• [DATA PROVIDED]
::::
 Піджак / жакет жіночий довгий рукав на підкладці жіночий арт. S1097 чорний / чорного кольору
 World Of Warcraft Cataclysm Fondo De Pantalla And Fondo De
::::
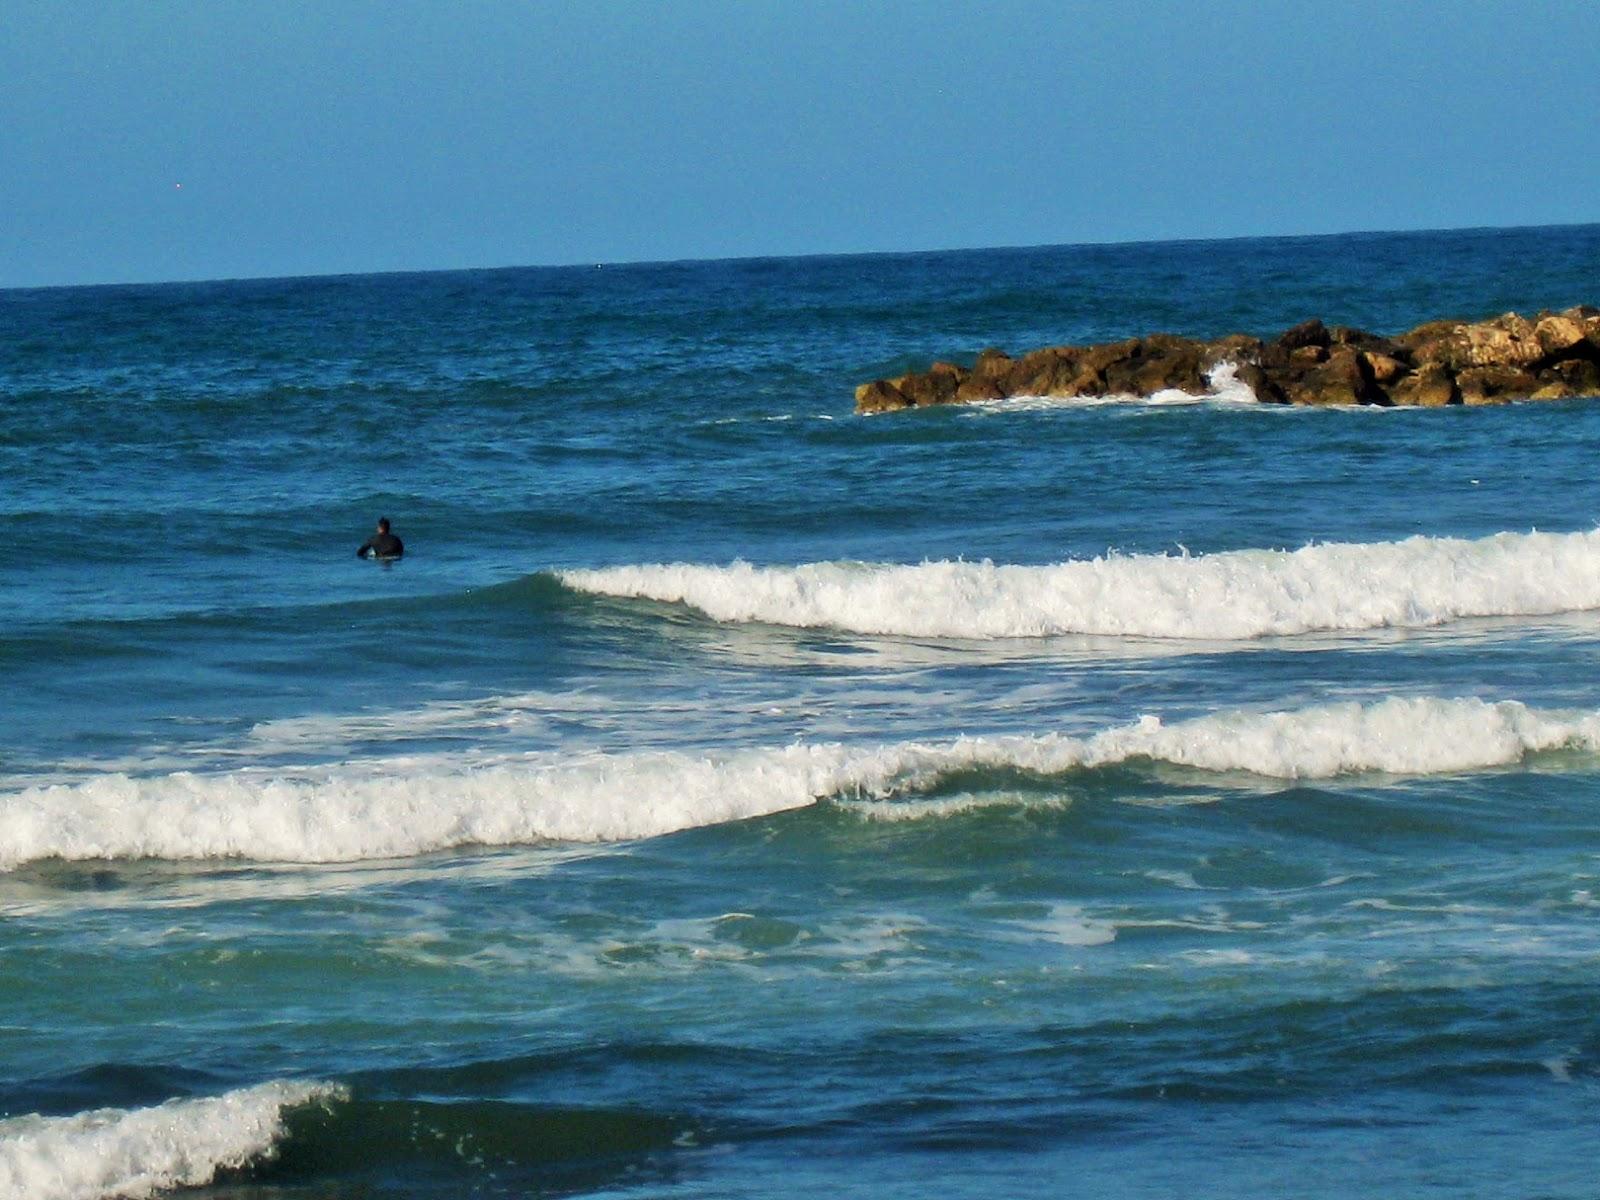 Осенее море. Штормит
::::
• [DESCRIPTION OF THE TASK] Please return the lines above that run from the line containing "Піджак / жакет" to the line containing "World Of Warcraft", inclusive, exactly and with no other lines.

• [RESPONSE TO THIS TASK]
 Піджак / жакет жіночий довгий рукав на підкладці жіночий арт. S1097 чорний / чорного кольору
 World Of Warcraft Cataclysm Fondo De Pantalla And Fondo De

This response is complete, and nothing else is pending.